Alalyze exam data. Find outliers.
setwd("./data")
exams<-read.csv("exams_and_names-2.csv",header=T)
setwd("../")
Key is using measure which is natural to the data set e.g., quartiles on distribution. Recall: - Box goes to 25% (Q1) and 75% (Q3) - Whiskers go to 1.5x Q1-Q3 range - Beyond that are outliers
with(exams,plot(Exam.1~Exam.2))
par(mfrow=c(1,2))
with(exams,boxplot(Exam.1)) # no outliers
with(exams,boxplot(Exam.2)) # three outliers
par(mfrow=c(1,1))
boxplot(exams$Exam.1,exams$Exam.2,col="blue",main="Exam Scores",
names=c("exam1", "exam2"),ylab="Exam Score")

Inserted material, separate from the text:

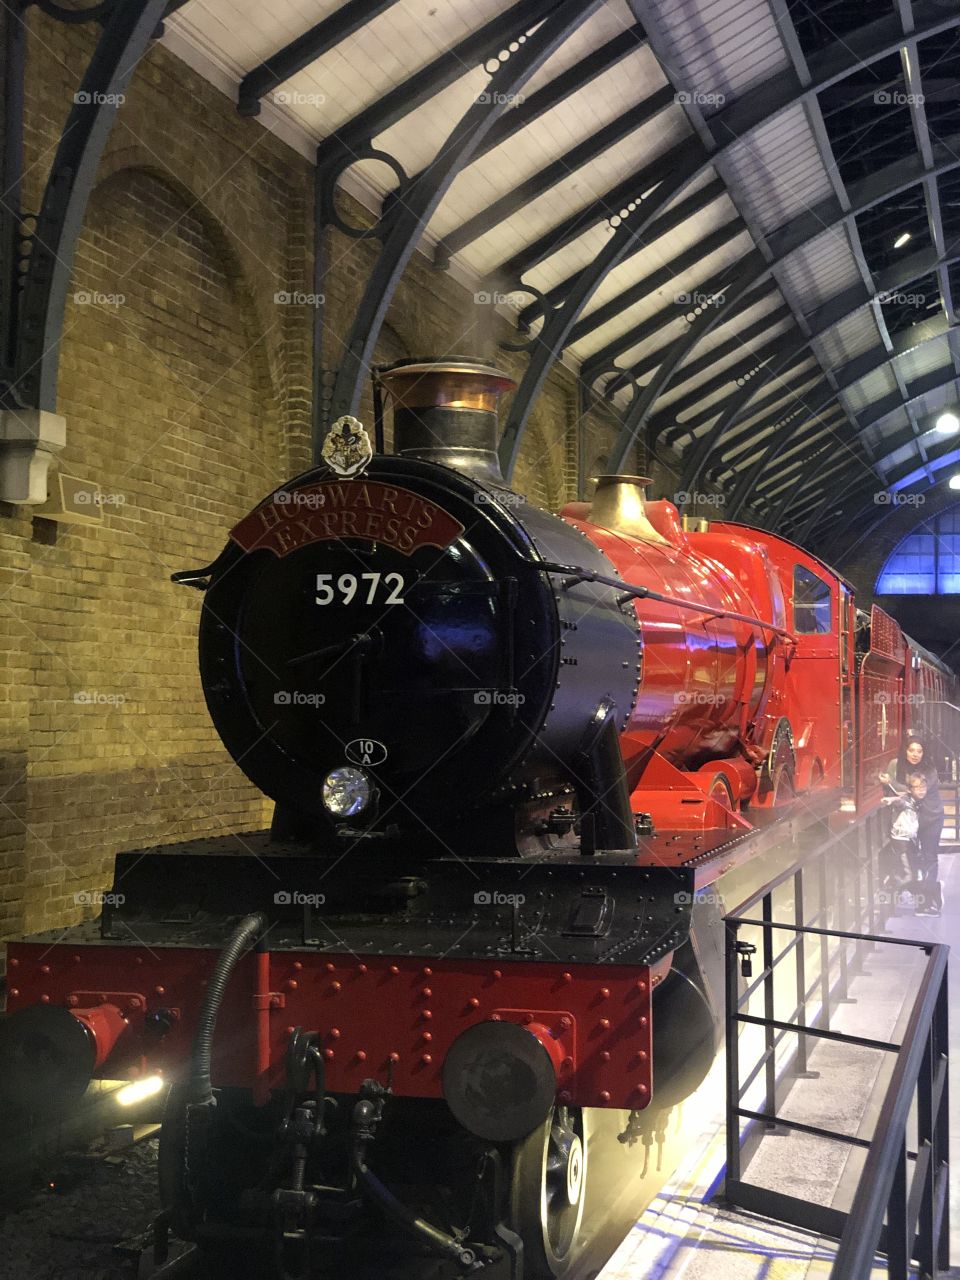 The Hogwarts express train used in the movies

sd1<-sd(exams$Exam.1,na.rm=T)
sd2<-sd(exams$Exam.2,na.rm=T)
exams$Exam.1.z<-(exams$Exam.1-mean(exams$Exam.1,na.rm=T))/sd1
exams$Exam.2.z<-(exams$Exam.2-mean(exams$Exam.2,na.rm=T))/sd2
# Note: default for scale is to set na.rm=T
exams$Exam.1.scale<-scale(exams$Exam.1)
exams$Exam.2.scale<-scale(exams$Exam.2)
head(sort(exams$Exam.2.z))
## [1] -2.6481 -2.5586 -2.2009 -1.2171 -0.8593 -0.8593
head(sort(exams$Exam.2.z,decreasing=T))
## [1] 1.242 1.153 1.153 1.108 1.108 1.019
# No outliers
Alalyze exam data. Find outliers using IQR. Considered better than mean/sd as they are sensitive to outliers.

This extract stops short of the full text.